=== Section Start ===

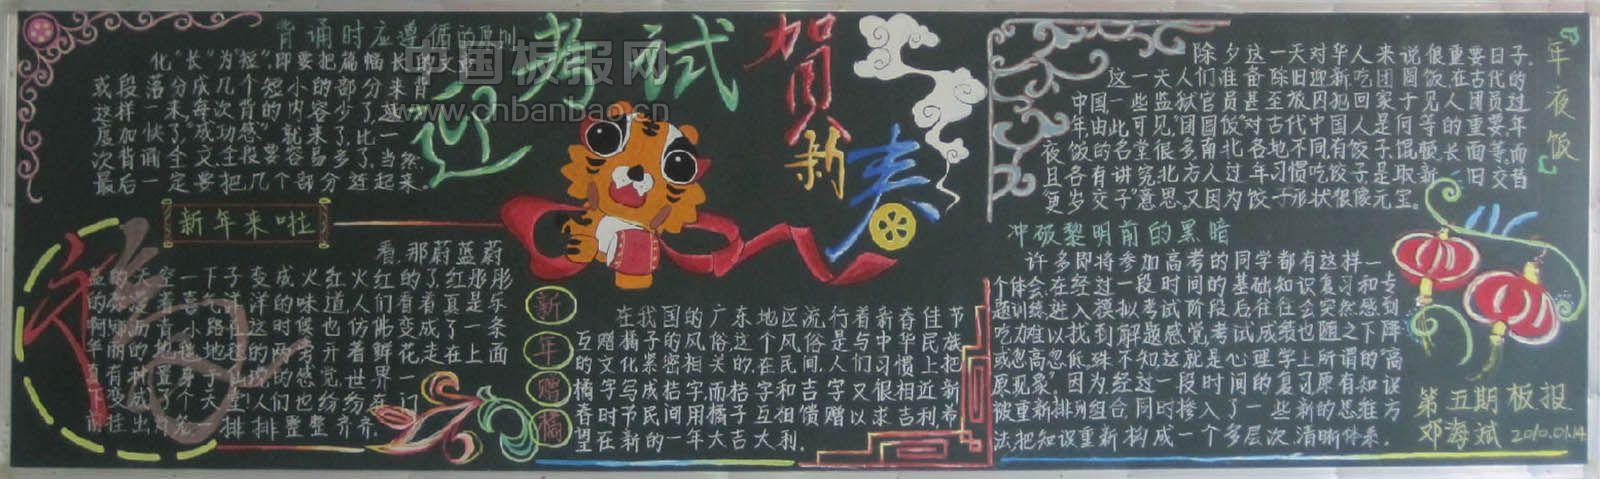 关于春节的黑板报 关于春节的黑板报图片大全
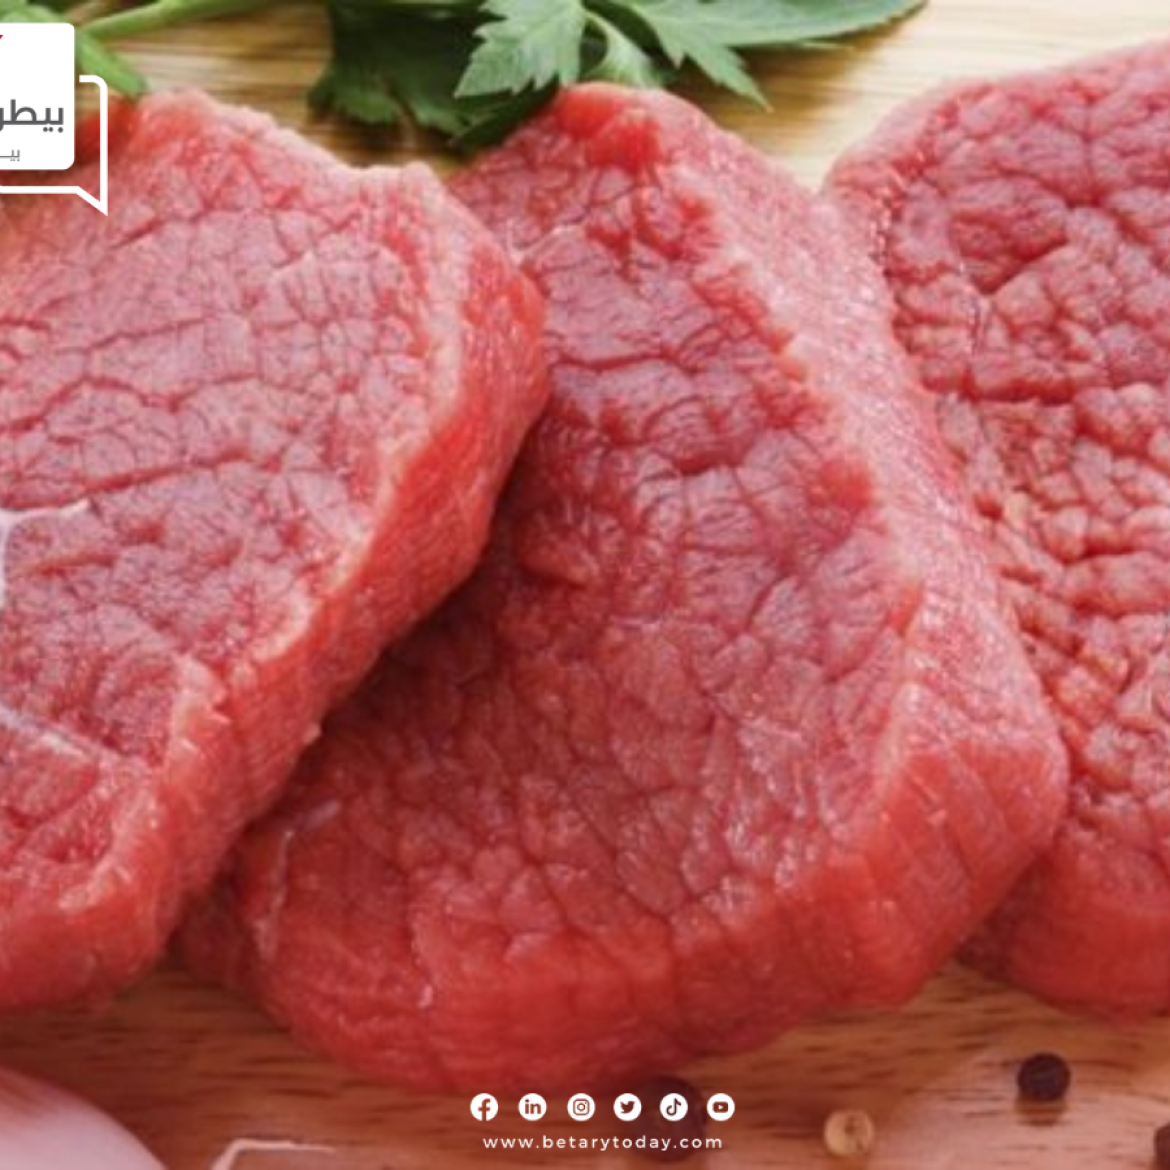 "هدوء متوقع"... أسعار اللحوم الحمراء البلدي والمستوردة اليوم الإثنين
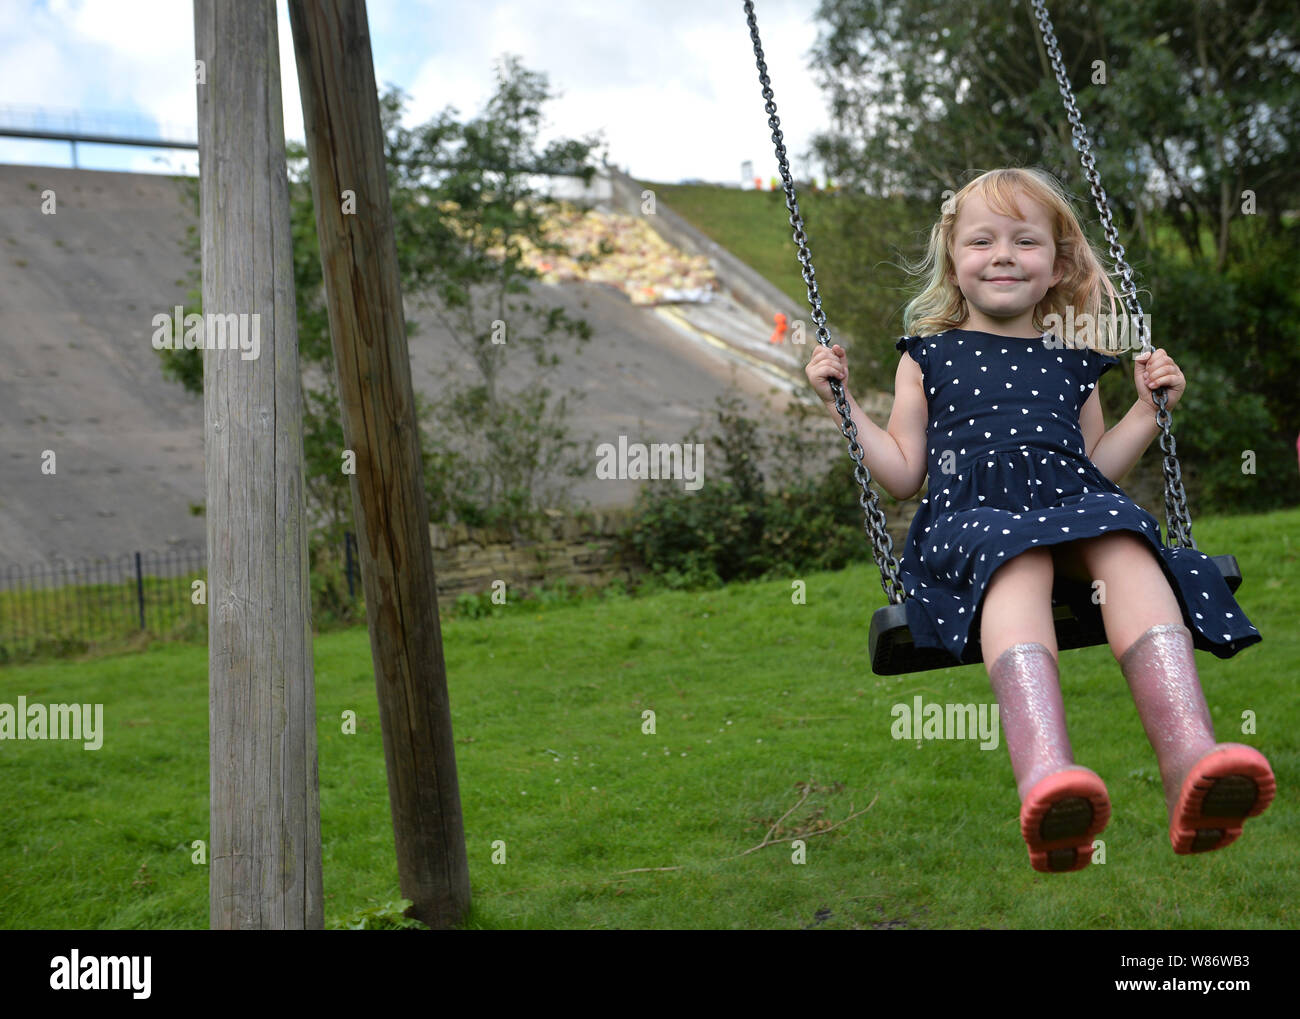 Étant donné la permission des parents, Lala Holden, 5, joue sur une balançoire, tandis que dans le travail de fond continue de soutenir le réservoir du barrage de Toddbrook près du village de Whaley Bridge, Derbyshire, après qu'il a été endommagé d'une forte pluie. Banque D'Images
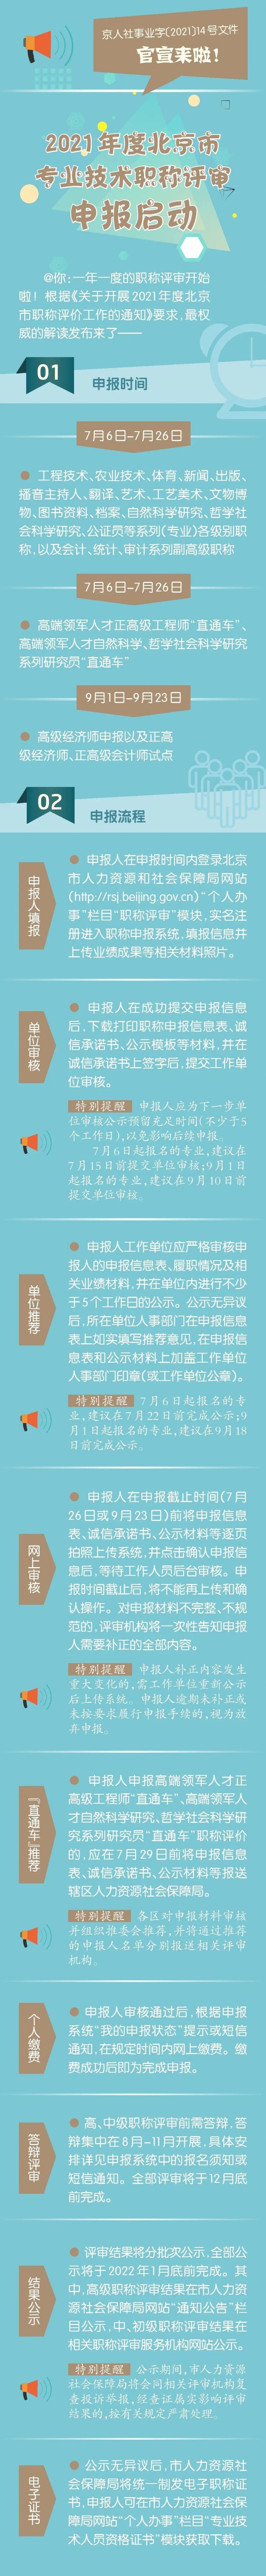 2021年度北京职称申报新变化(图解)
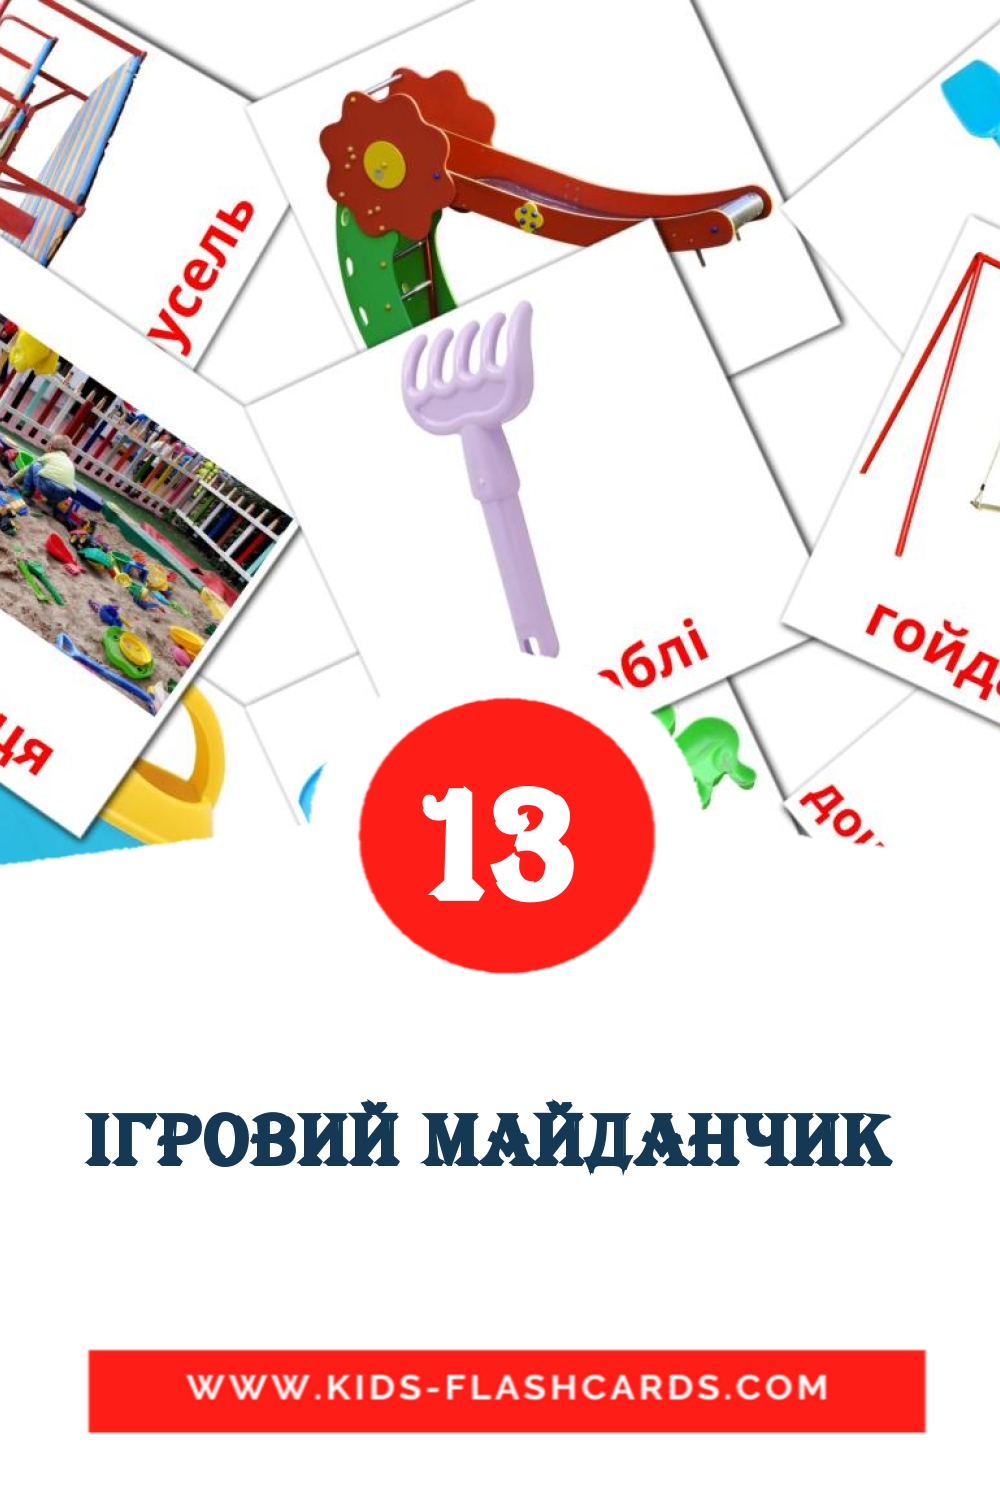 13 Cartões com Imagens de Ігровий майданчик  para Jardim de Infância em ucraniano
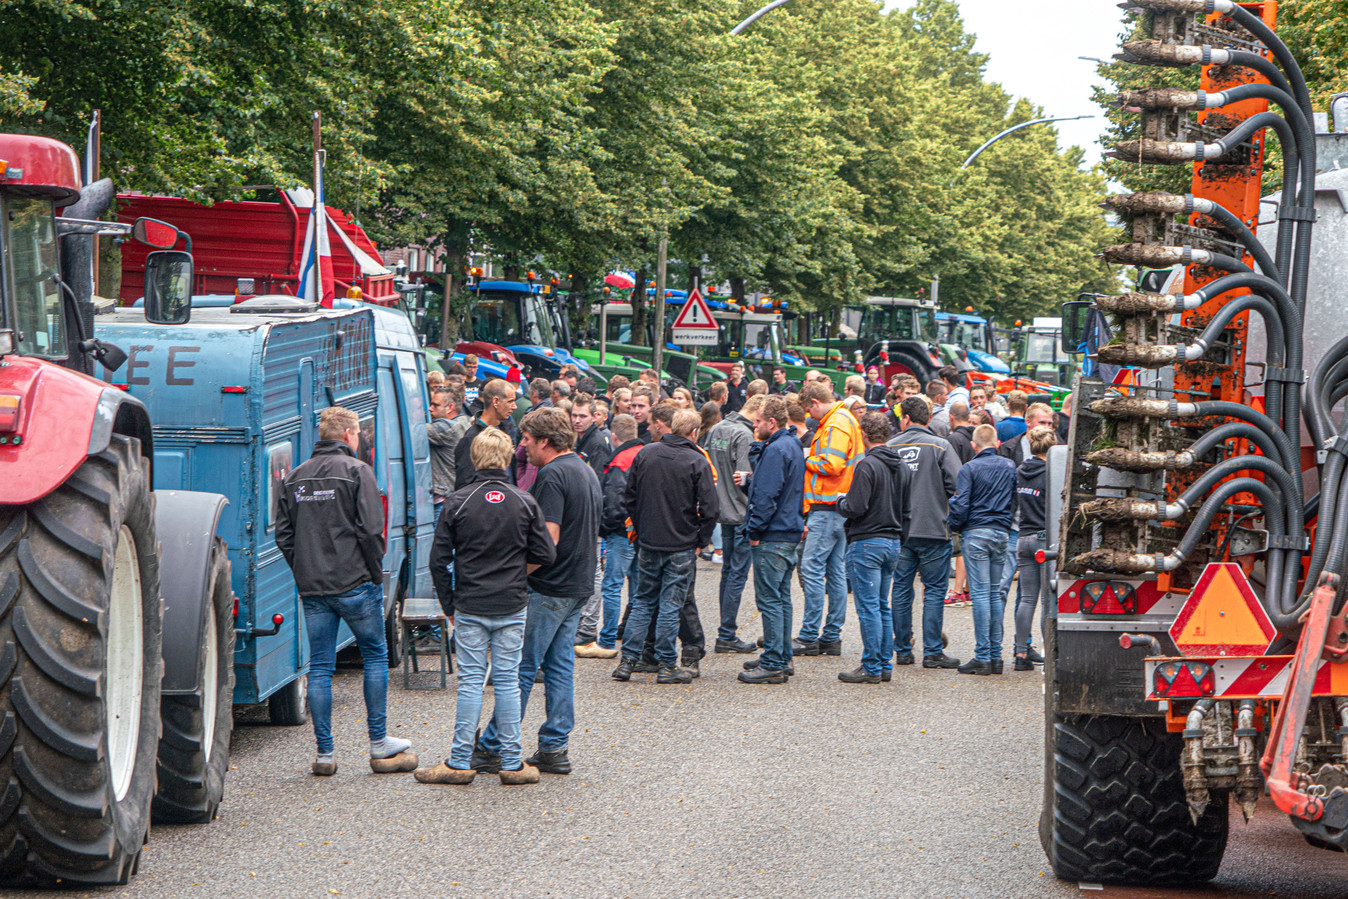 In heel Nederland, zoals hier in Zwolle, vinden boerenprotesten tegen de stikstofmaatregelen van het kabinet plaats.

=== Section End ===

What this task involves = A faithful copy of all the data above is required, printed exactly and with no pictures.

Result of the exercise =
 关于春节的黑板报 关于春节的黑板报图片大全
 "هدوء متوقع"... أسعار اللحوم الحمراء البلدي والمستوردة اليوم الإثنين
 Étant donné la permission des parents, Lala Holden, 5, joue sur une balançoire, tandis que dans le travail de fond continue de soutenir le réservoir du barrage de Toddbrook près du village de Whaley Bridge, Derbyshire, après qu'il a été endommagé d'une forte pluie. Banque D'Images
 2021年度北京职称申报新变化(图解)
 13 Cartões com Imagens de Ігровий майданчик  para Jardim de Infância em ucraniano
 In heel Nederland, zoals hier in Zwolle, vinden boerenprotesten tegen de stikstofmaatregelen van het kabinet plaats.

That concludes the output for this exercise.